Provided data:
--------------------------------------------------
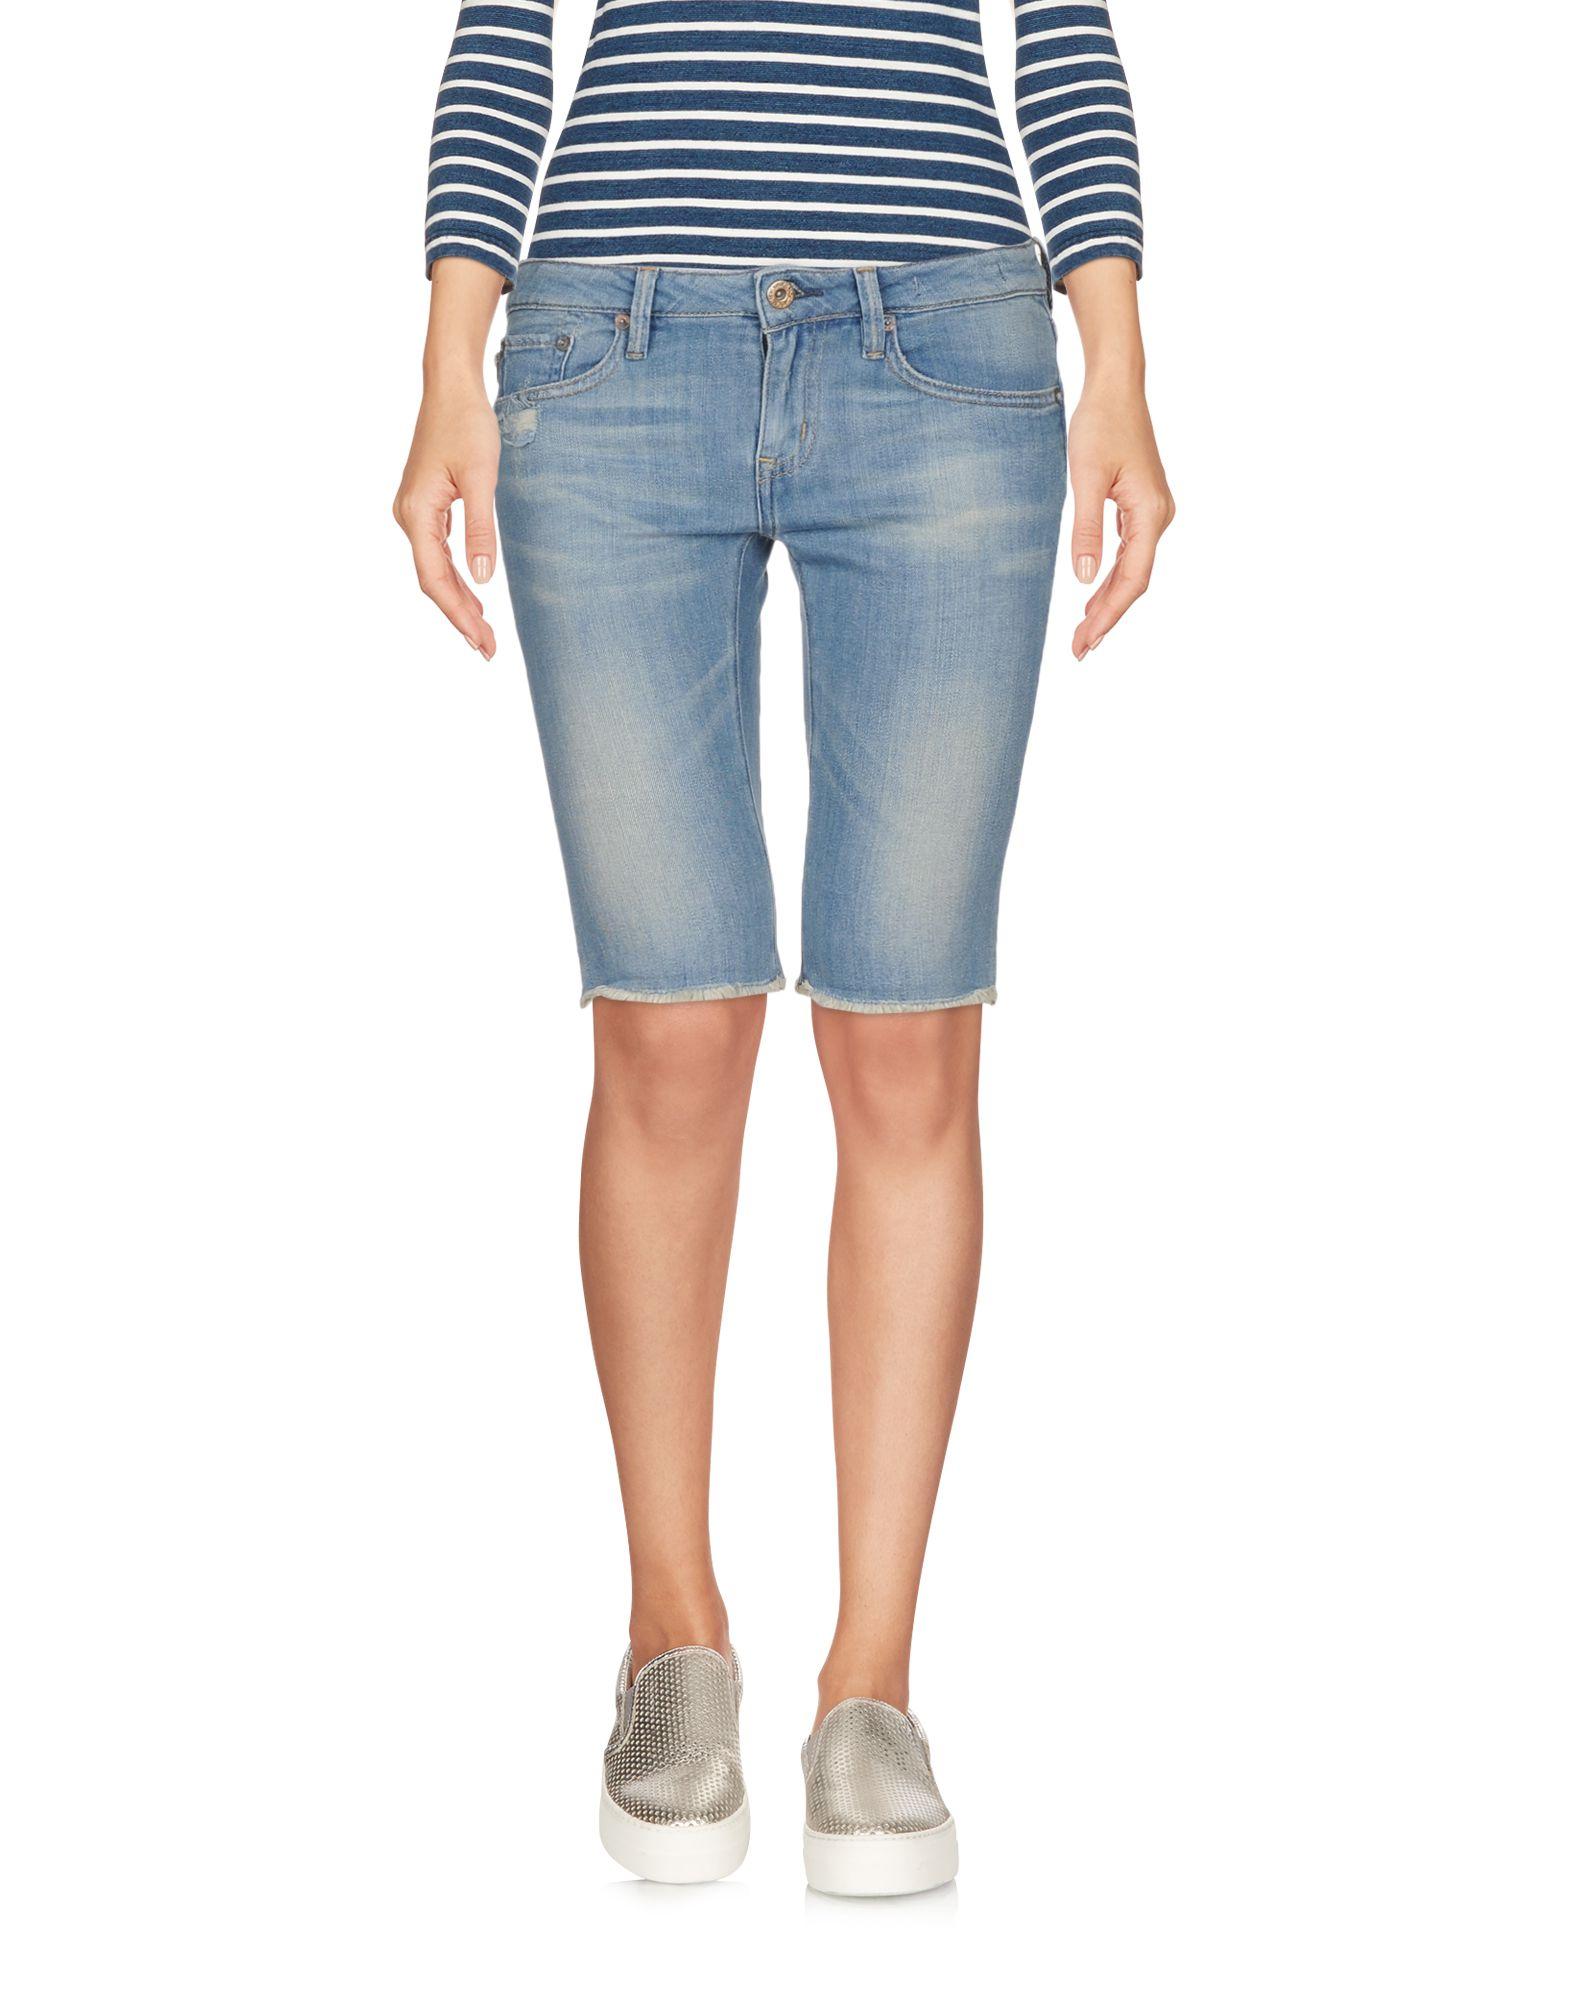 POLO JEANS COMPANY Джинсовые бермуды polo jeans company джинсовые бермуды
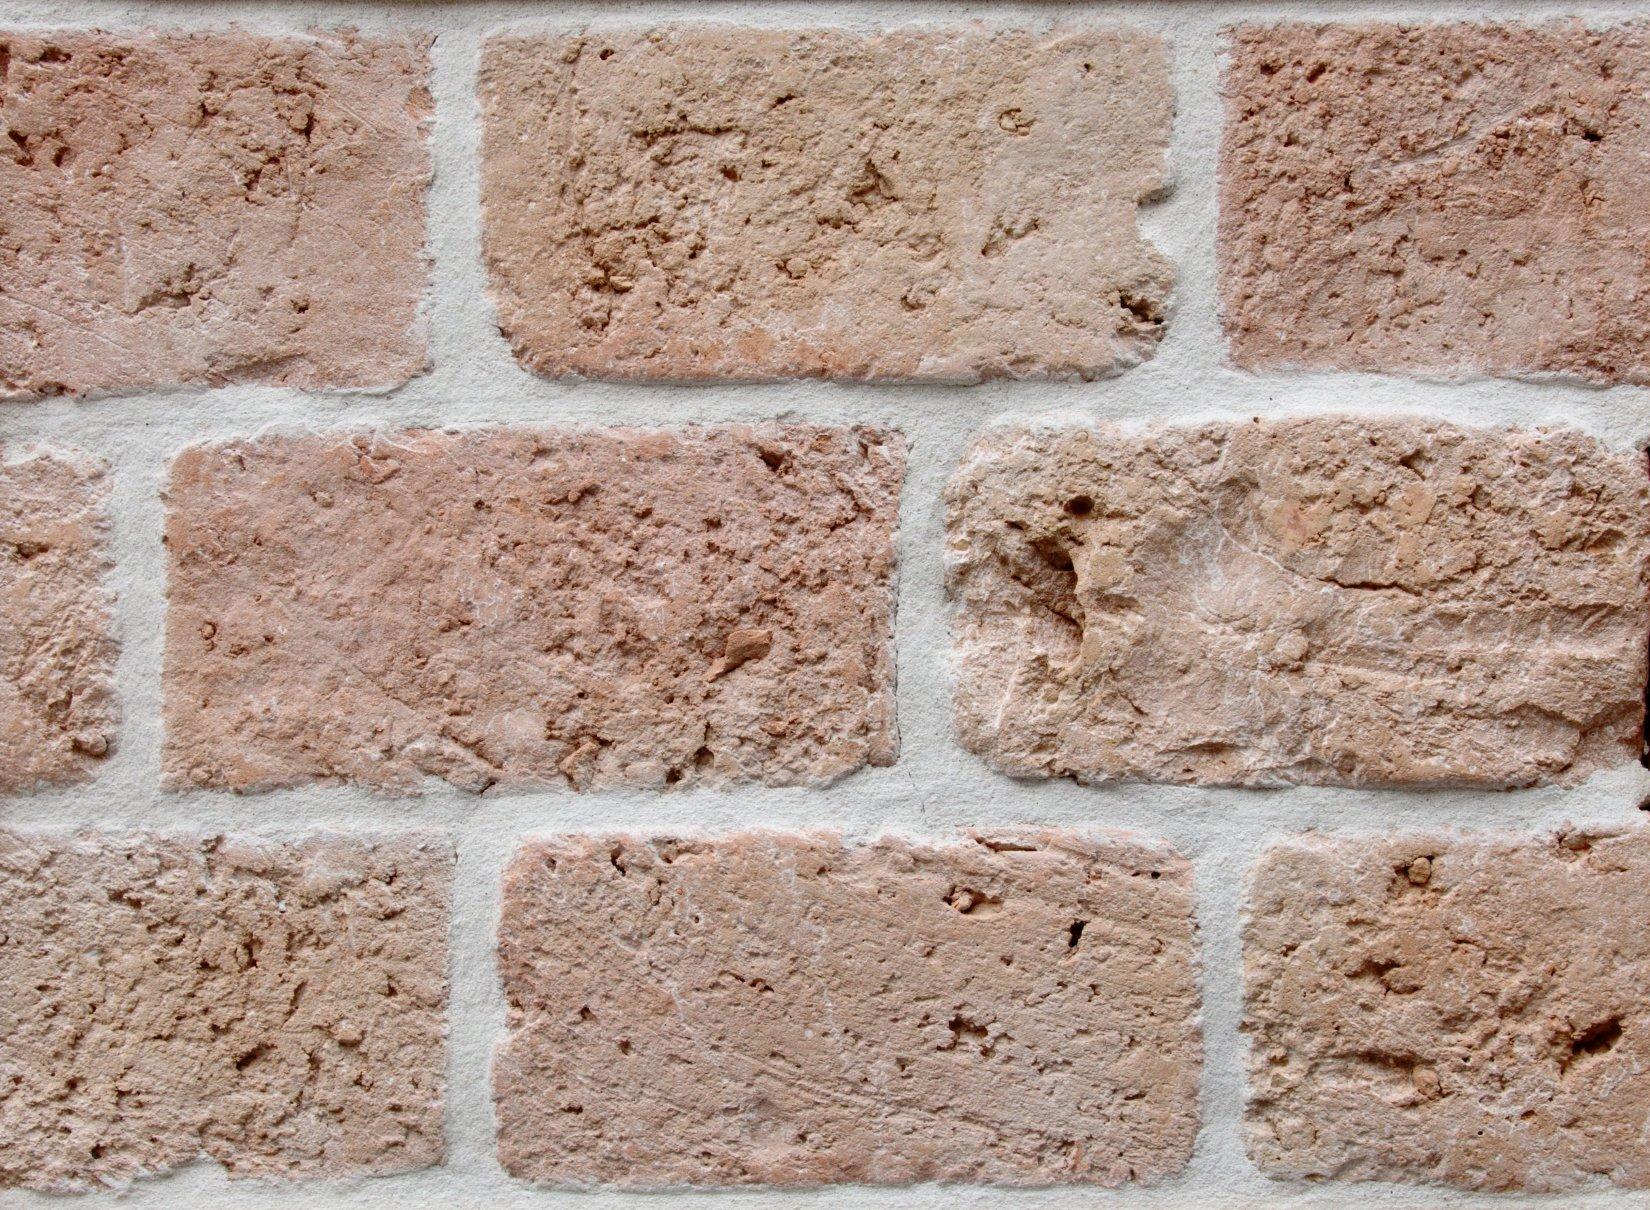 Brick Texture, Rockwall, Rock, Rough, Row, HQ Photo
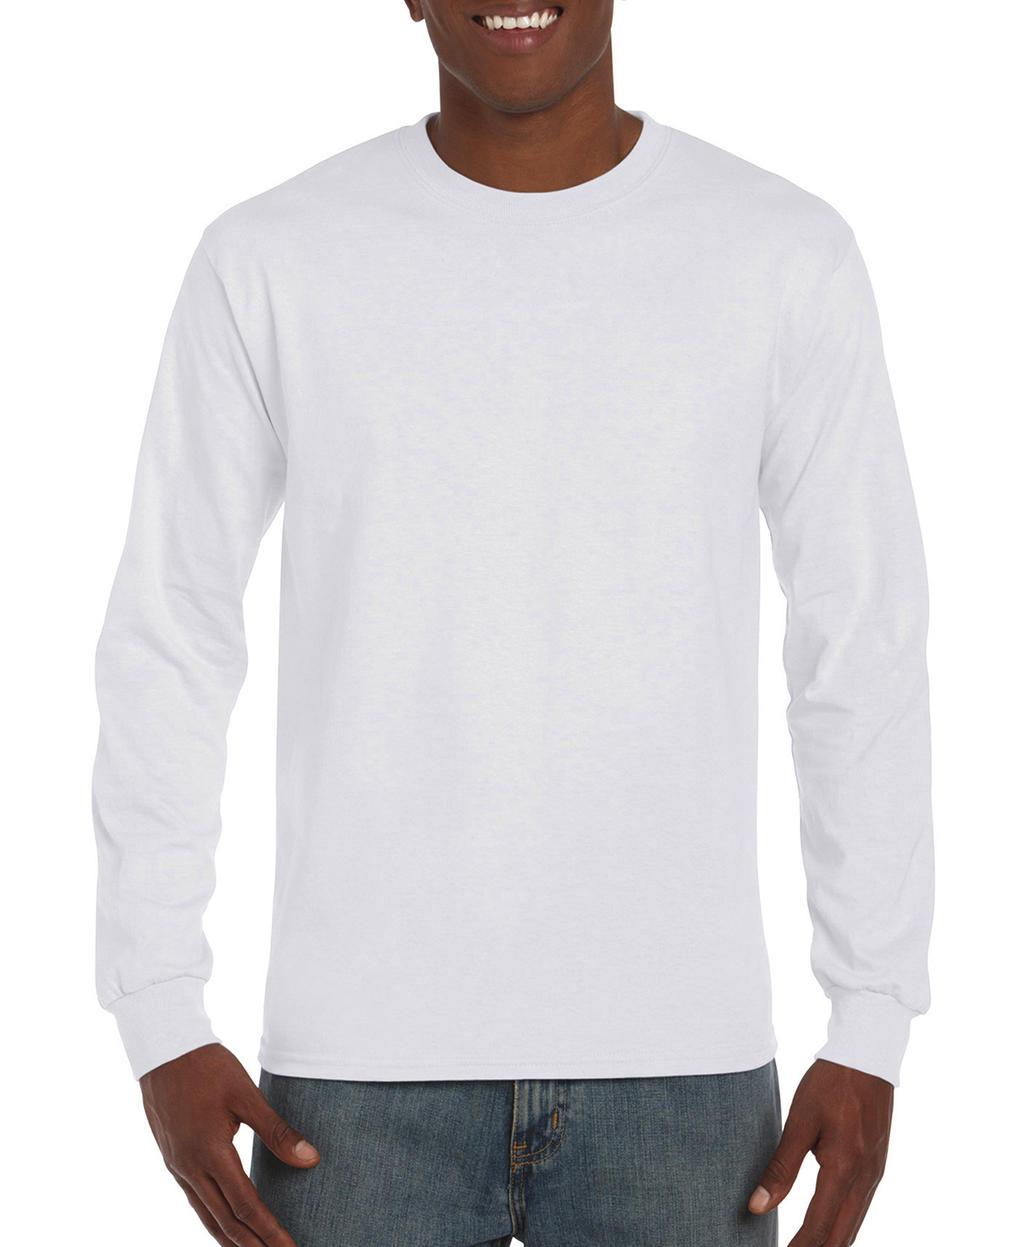 Hammer™ Adult Long Sleeve T-Shirt
--------------------------------------------------
Retype the whole listing word for word. Skip the pictures.

Task response:
 POLO JEANS COMPANY Джинсовые бермуды polo jeans company джинсовые бермуды
 Brick Texture, Rockwall, Rock, Rough, Row, HQ Photo
 Hammer™ Adult Long Sleeve T-Shirt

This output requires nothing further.